As written and without pictures, set down the lines from the one that contains "A fabulous black" through the end of the data.

RECORDED INFORMATION:
-------
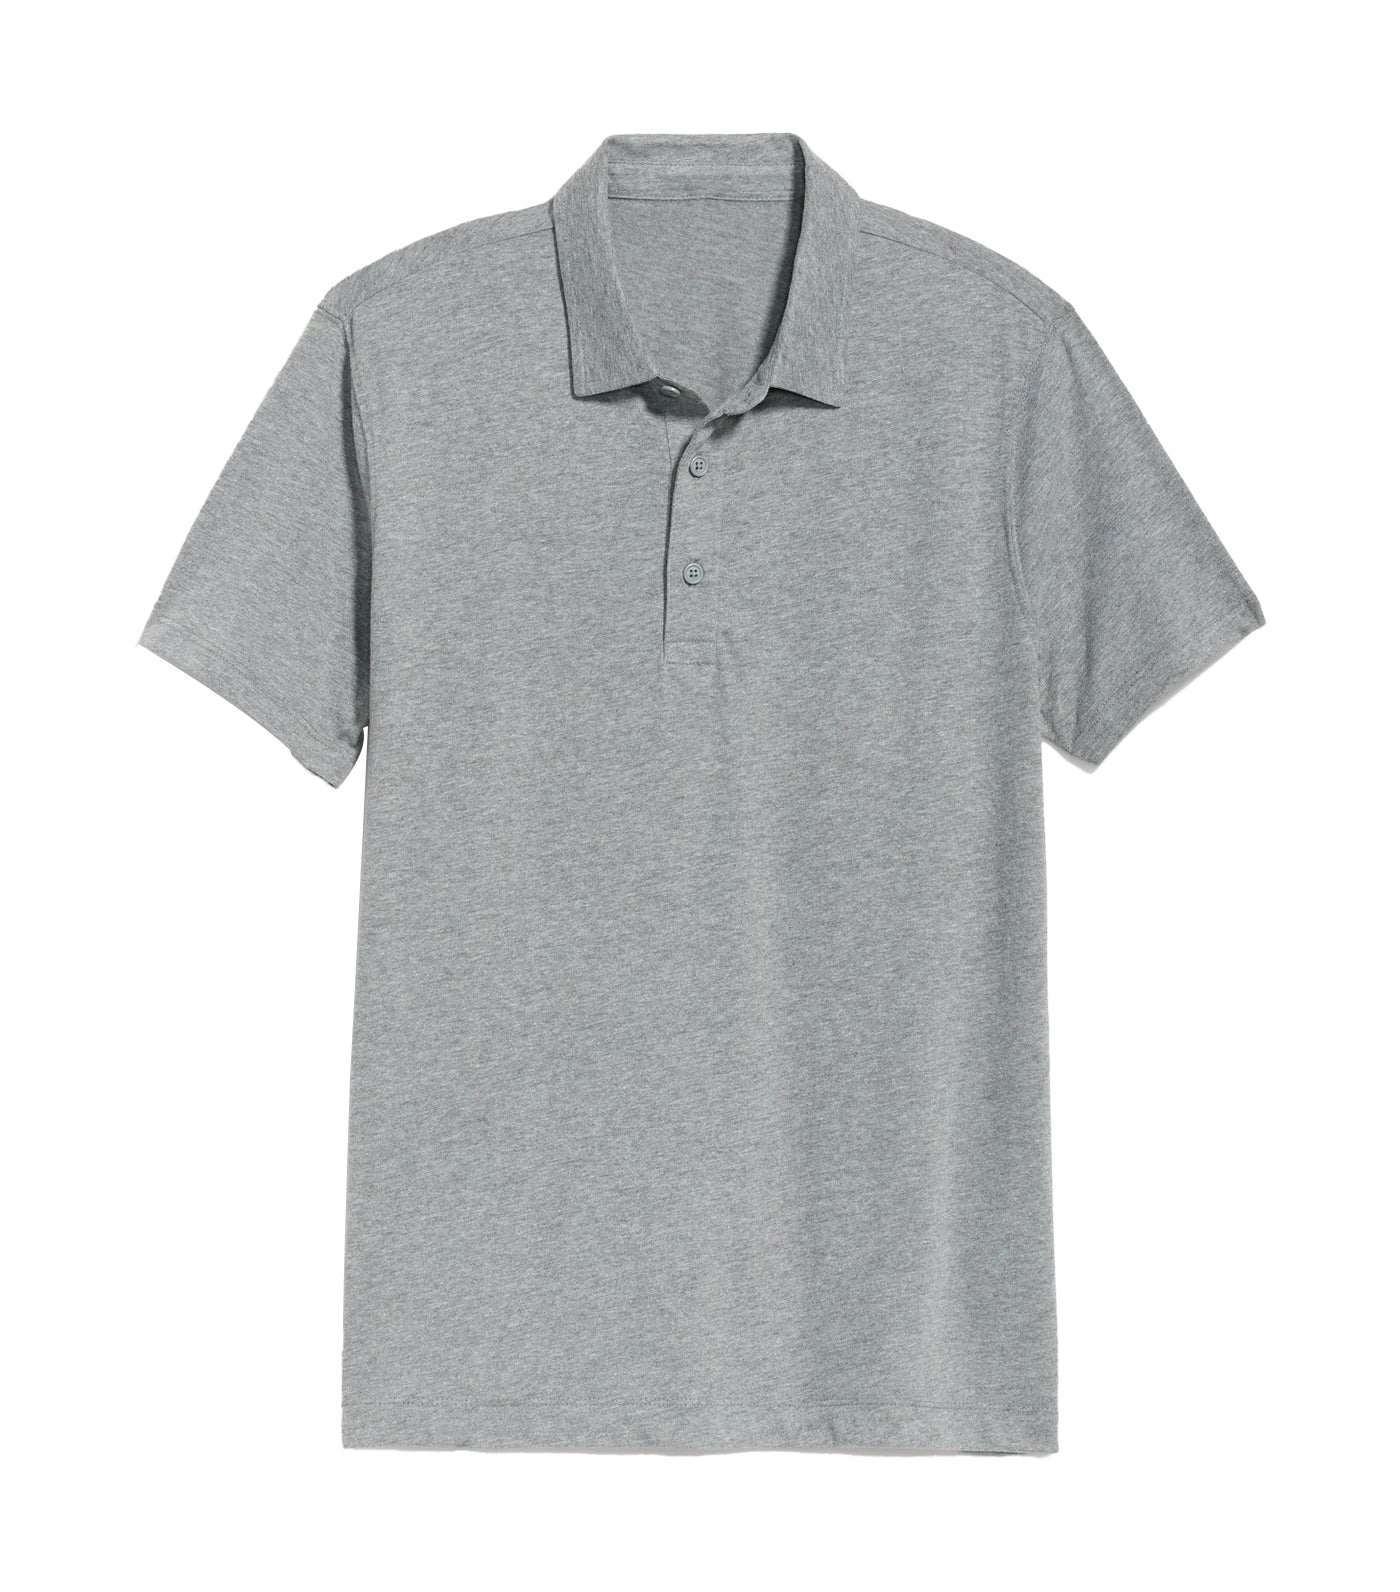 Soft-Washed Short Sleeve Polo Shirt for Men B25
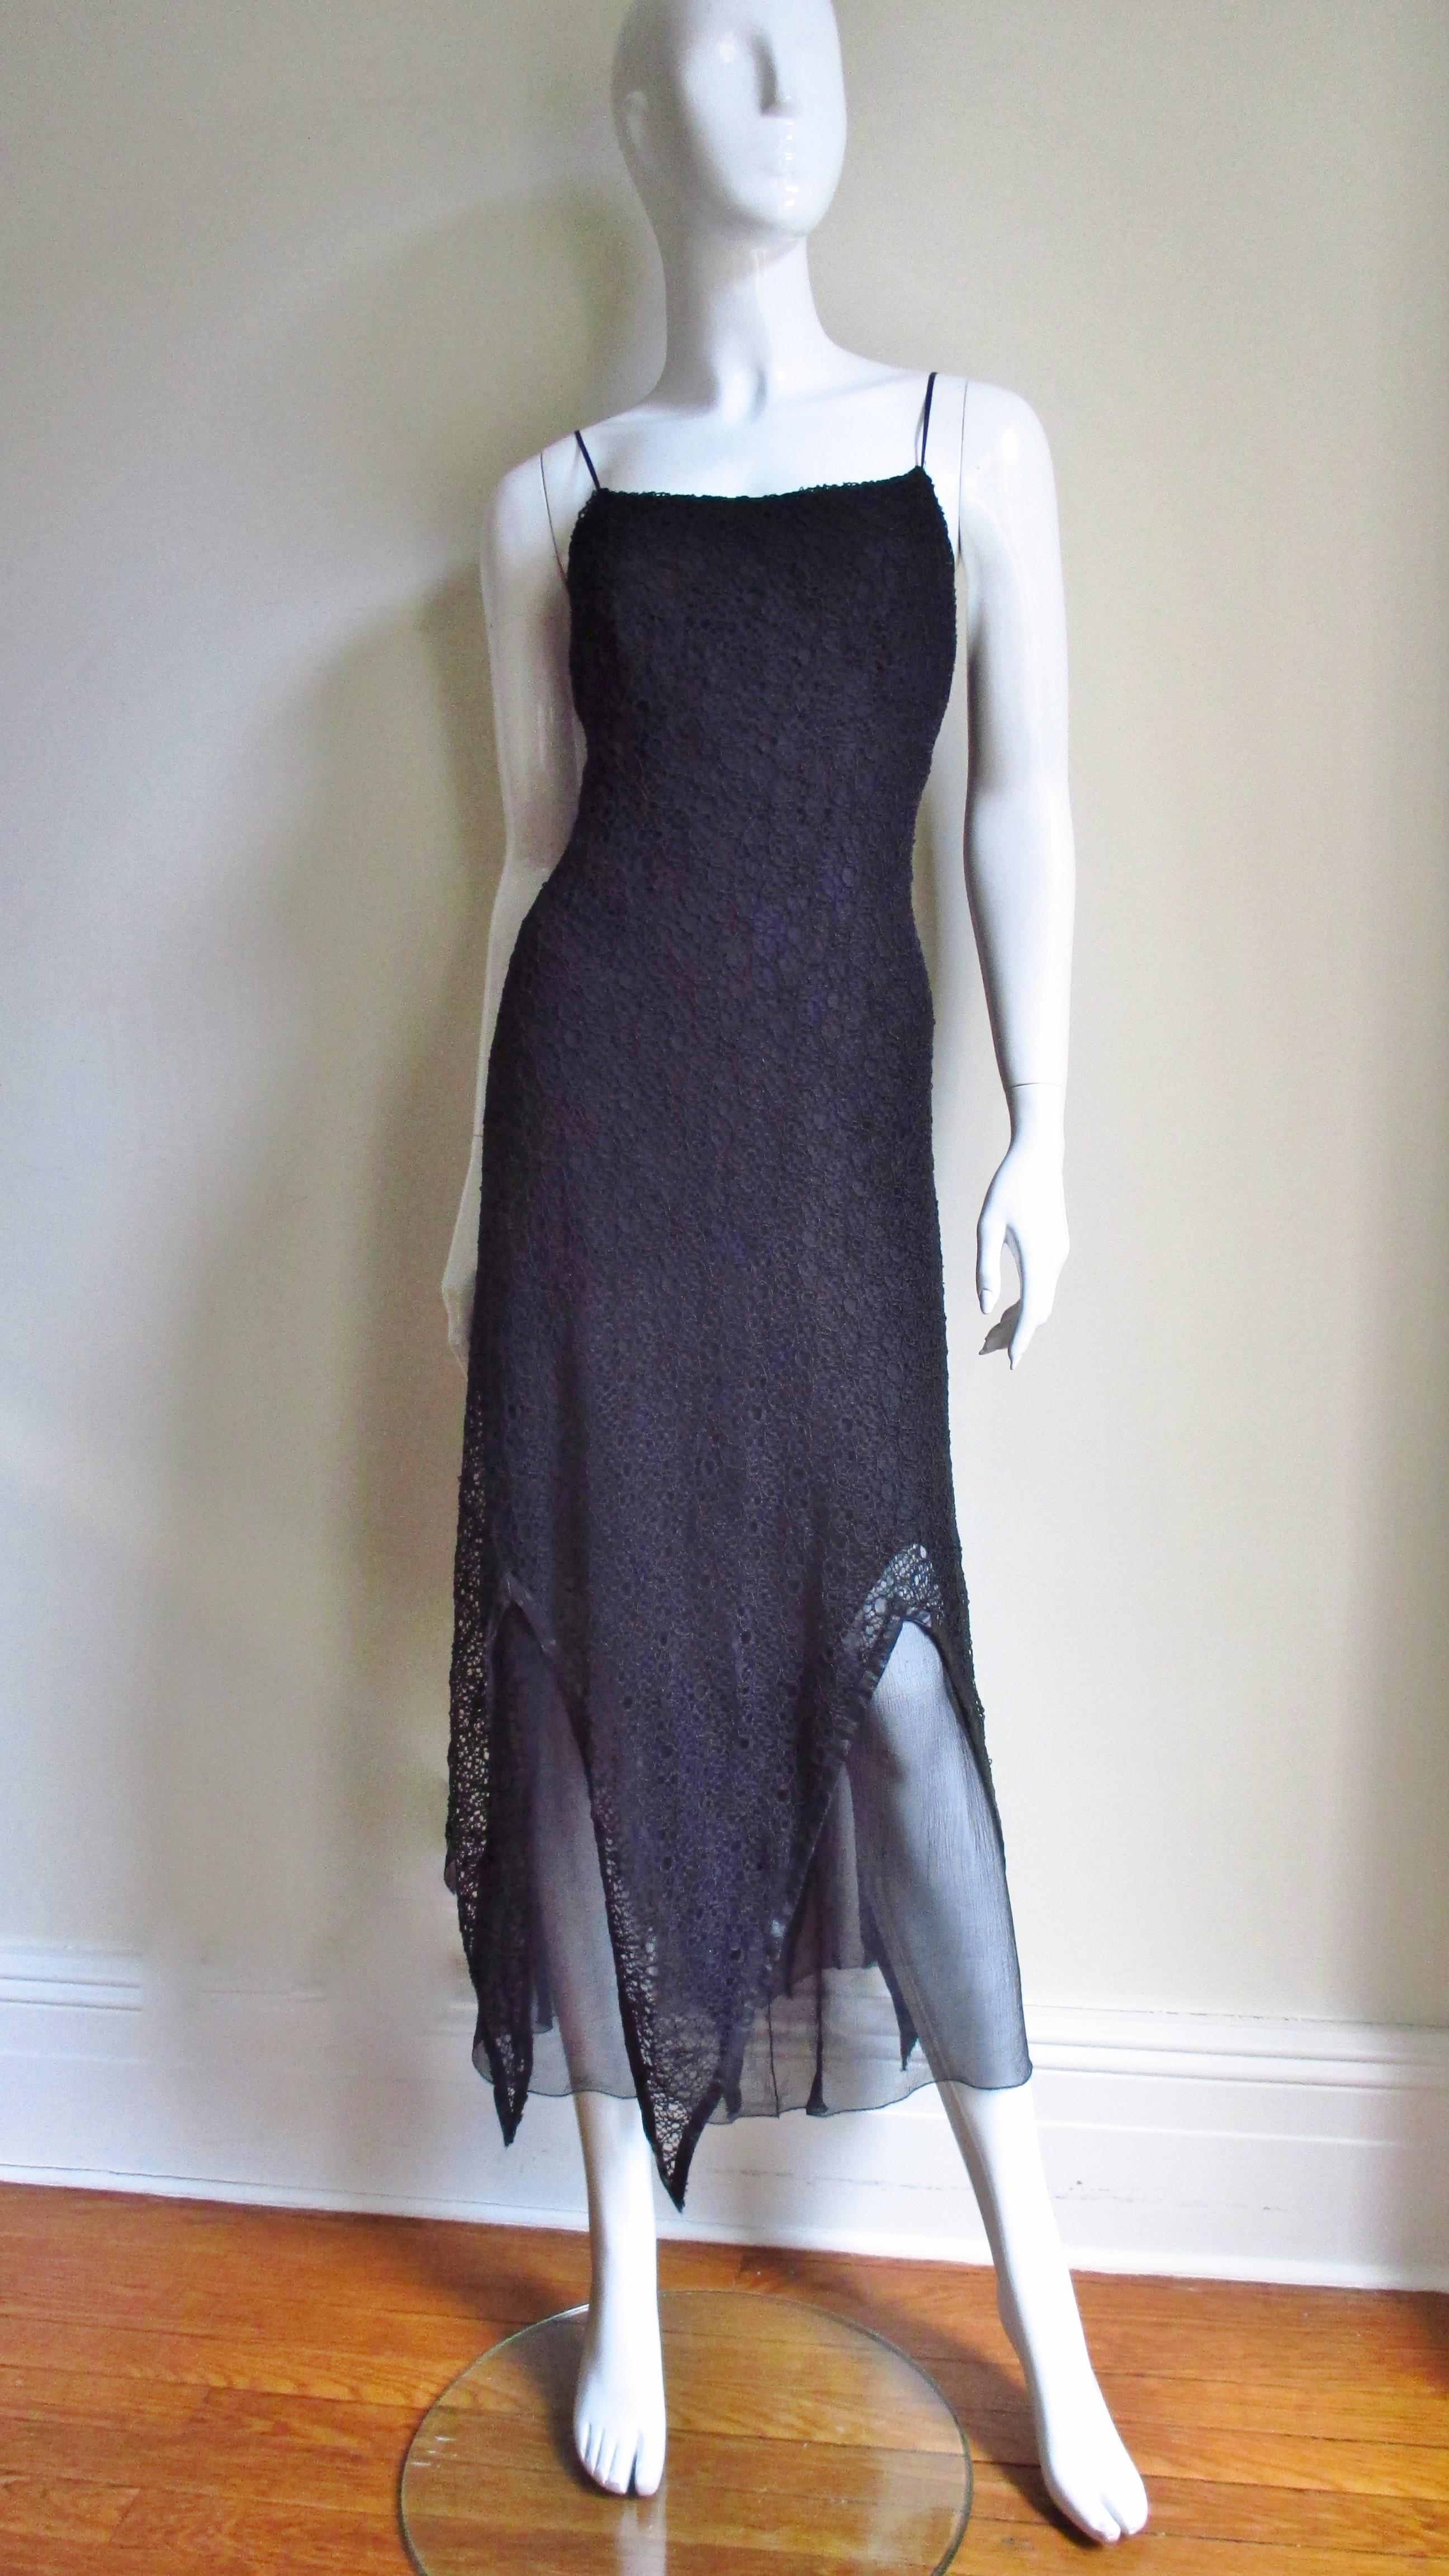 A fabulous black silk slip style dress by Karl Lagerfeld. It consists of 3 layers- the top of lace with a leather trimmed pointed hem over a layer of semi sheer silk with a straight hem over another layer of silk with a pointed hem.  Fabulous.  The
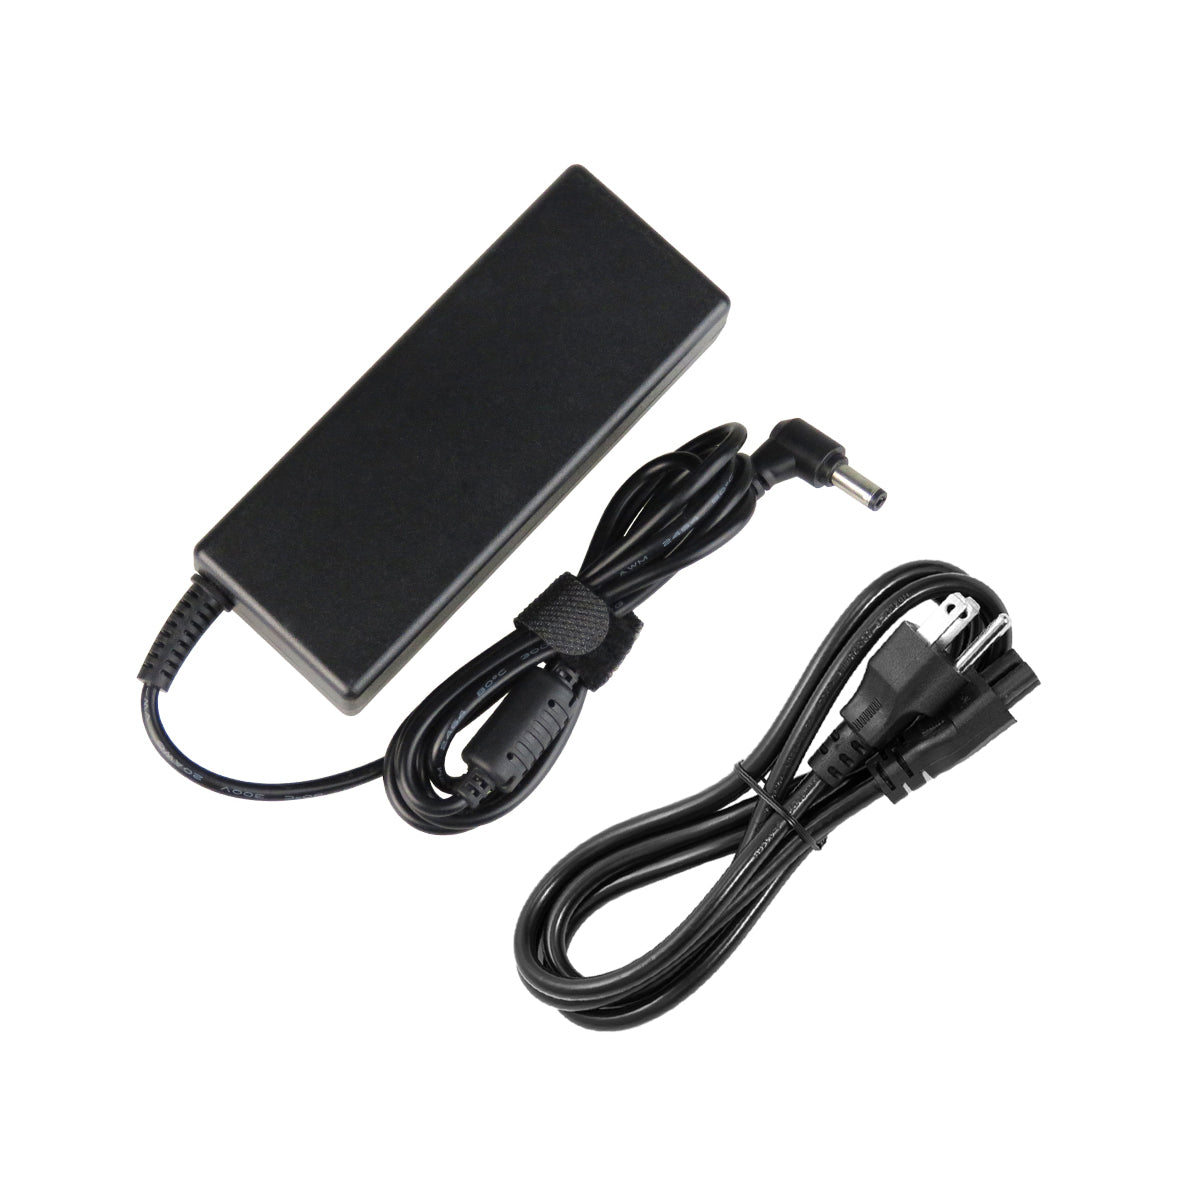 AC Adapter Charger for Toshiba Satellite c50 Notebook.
-------
RESPONSE AREA:
 A fabulous black silk slip style dress by Karl Lagerfeld. It consists of 3 layers- the top of lace with a leather trimmed pointed hem over a layer of semi sheer silk with a straight hem over another layer of silk with a pointed hem.  Fabulous.  The
 AC Adapter Charger for Toshiba Satellite c50 Notebook.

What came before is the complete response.